CLEVELAND, Ohio - If success is measured by having a beer named after you, then count sports talker Mark "Munch" Bishop among the fortunate.

The iHeartMedia host's Munch on Sports is heard 3-6 p.m. on Fox Sports 1350, and syndicated via WNIO (The Sports Animal) / Youngstown and Sports WNCO (Fox Sports Radio 1340) / Ashland-Mansfield.

Bishop has wondered on air when a local brewery will make a Cream Ale. He has brought it up repeatedly on our weekly show "Beer with Bona and Much, Much More." (Bishop and I talk beer and sports at 3:40 p.m. Fridays).

The folks at Goldhorn Brewery are listening.

"He's come in here from time to time and mentioned that's one of his favorite styles," brewer Joel Warger said. "I said I was planning on brewing one. I said I'd name it after him.

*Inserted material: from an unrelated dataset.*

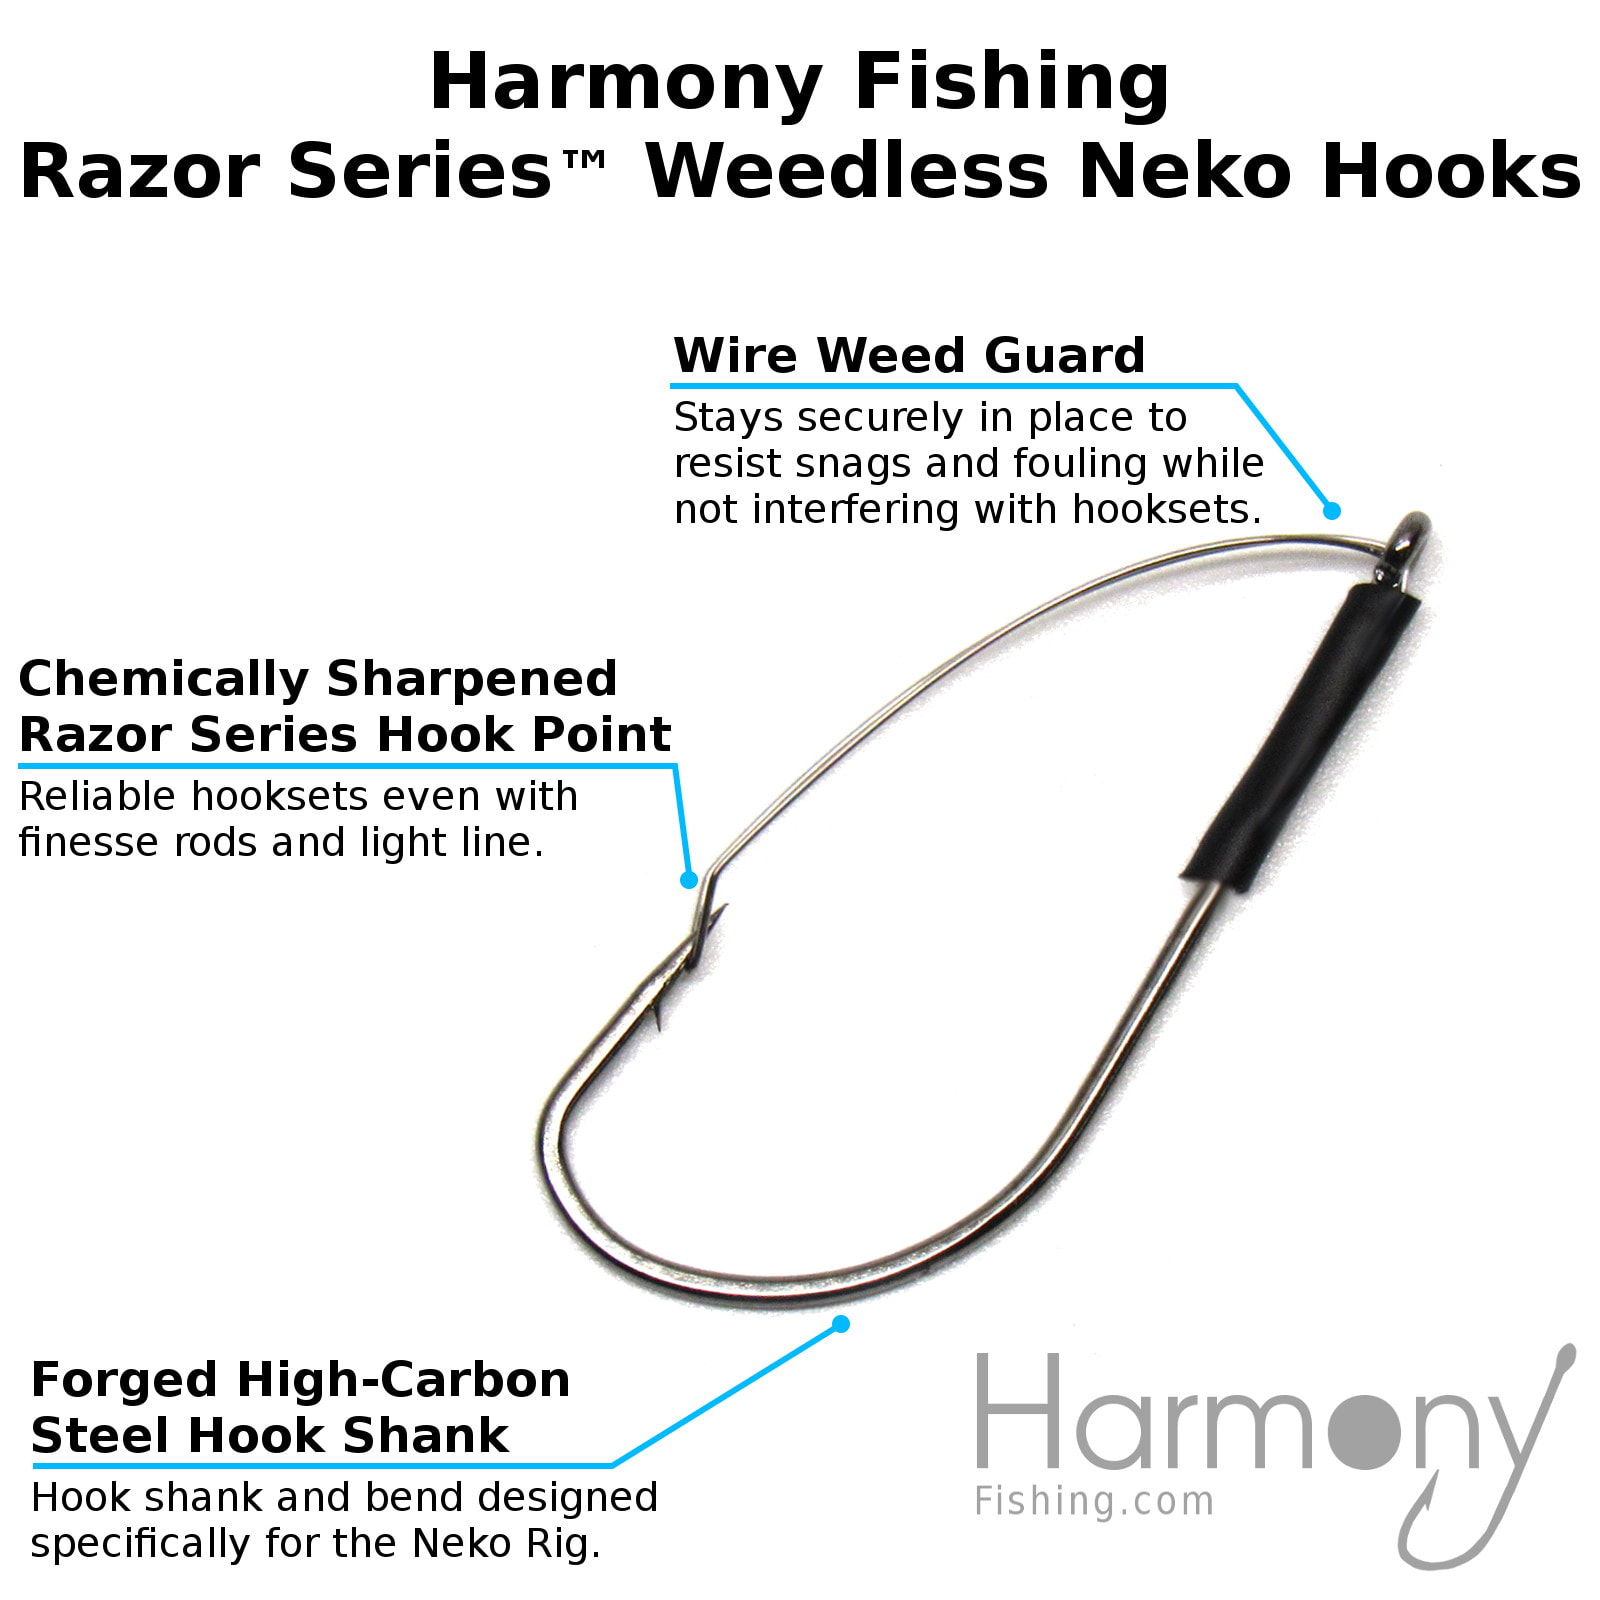 Razor Series Weedless Neko Hooks

I had mentioned that I like Cream Ales, wished I had seen more of them.

"It's one of those things, they (some beer drinkers) hear it and think of Genny Cream Ale. But it was actually popularized by German immigrants."

Bishop's obsession with Cream Ale came on a trip to Syracuse, when he visited Empire Brewing Co. Musing over what to order, the waitress suggested "try the Cream Ale," he said.

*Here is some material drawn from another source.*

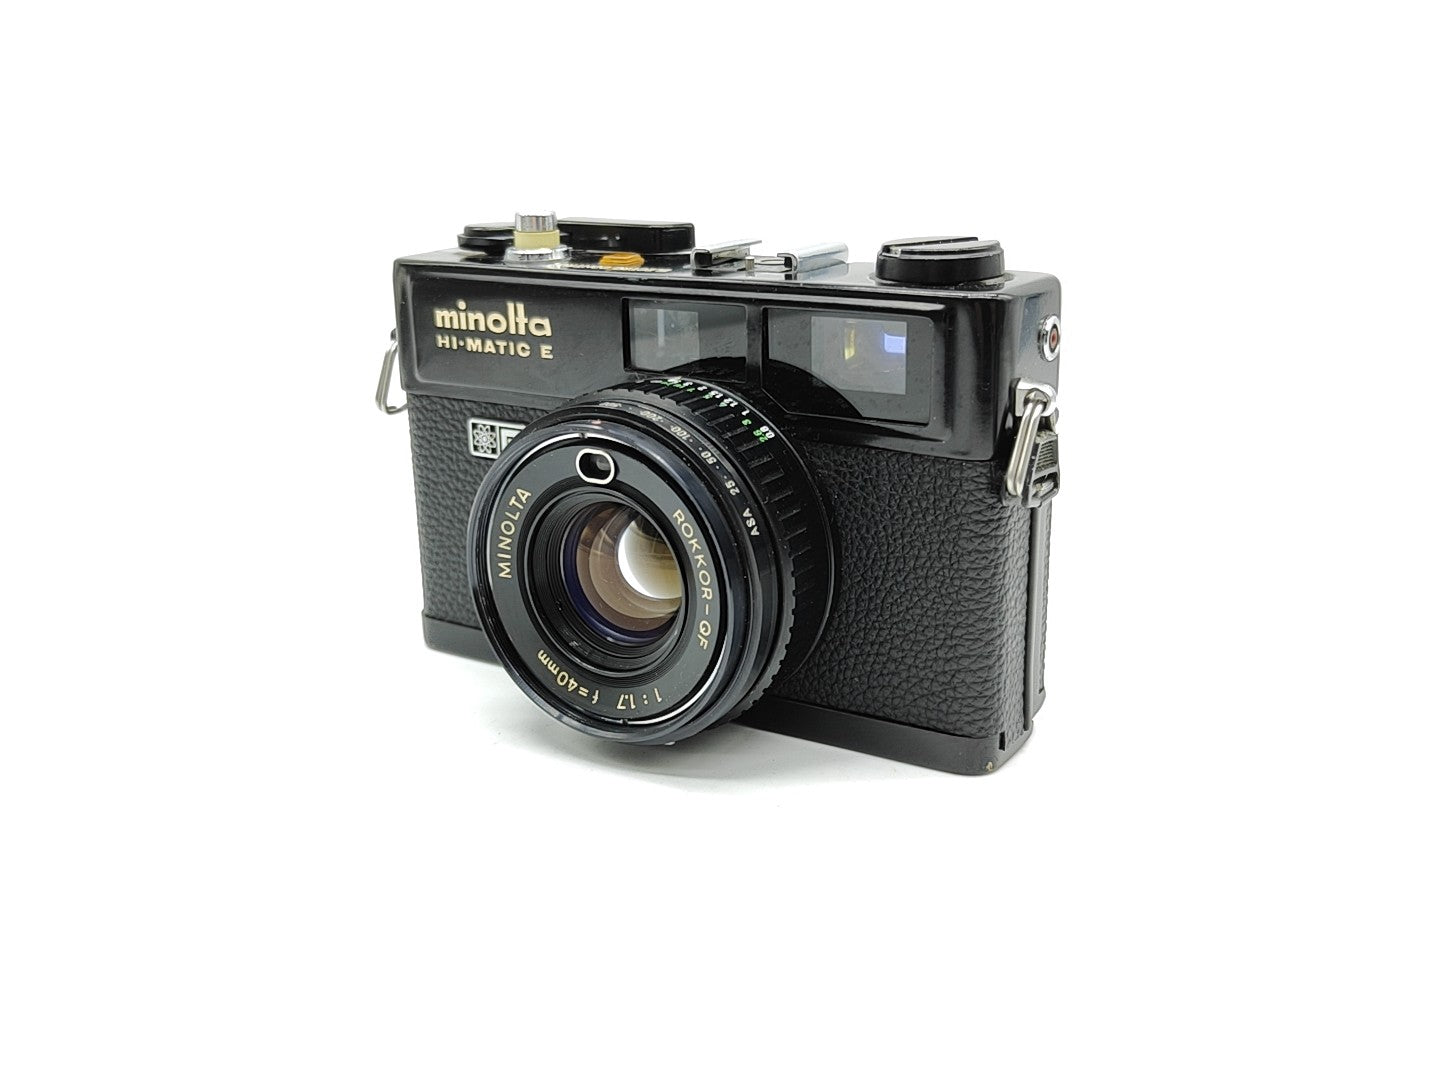 Minolta HiMatic E rangefinder camera (black)

When you think of Cream Ale, the first one that often comes to mind is the one Warger mentioned: Genesee Cream Ale, its green and white can a staple in many bars and campuses for decades since its inception in 1960. It comes from Genesee Brewing Co. in Rochester, N.Y.

The old American style brew is a light-bodied, pale-colored ale that acts as a sort of hybrid between lager and ale. Its alcohol should range from 4.2 percent to 5.6 percent, according to the Beer Judge Certification Program.

Even craft breweries, often busy with creative infusions and obligatory India Pale Ales, haven't embraced this retro style of beer, though Warped Wing Brewing Co. in Dayton makes a popular one - Ermal's Belgian Style Cream Ale, at 5.4 percent alcohol and 20 International Bitterness Units.

"I can just imagine what Joel is going to do," Bishop said. Warger said he brewed one at Great Lakes Brewing Co., when he worked there.

Cream Ales sell well, he said, but "it's one of those brewers' beers. It's not a sexy new IPA or crazy beer with fruit in it."

The folks at Forest City Brewery in Cleveland's Duck Island neighborhood also have plans to make a Cream Ale in early 2018.

The beer is coming at a good time, Warger said. Goldhorn just ran out of its Kolsch, and the Cream Ale "just needs a name."

Bishop is pondering Munch Punch, among others. How about Talk Talk Cream Ale or On the Air Ale?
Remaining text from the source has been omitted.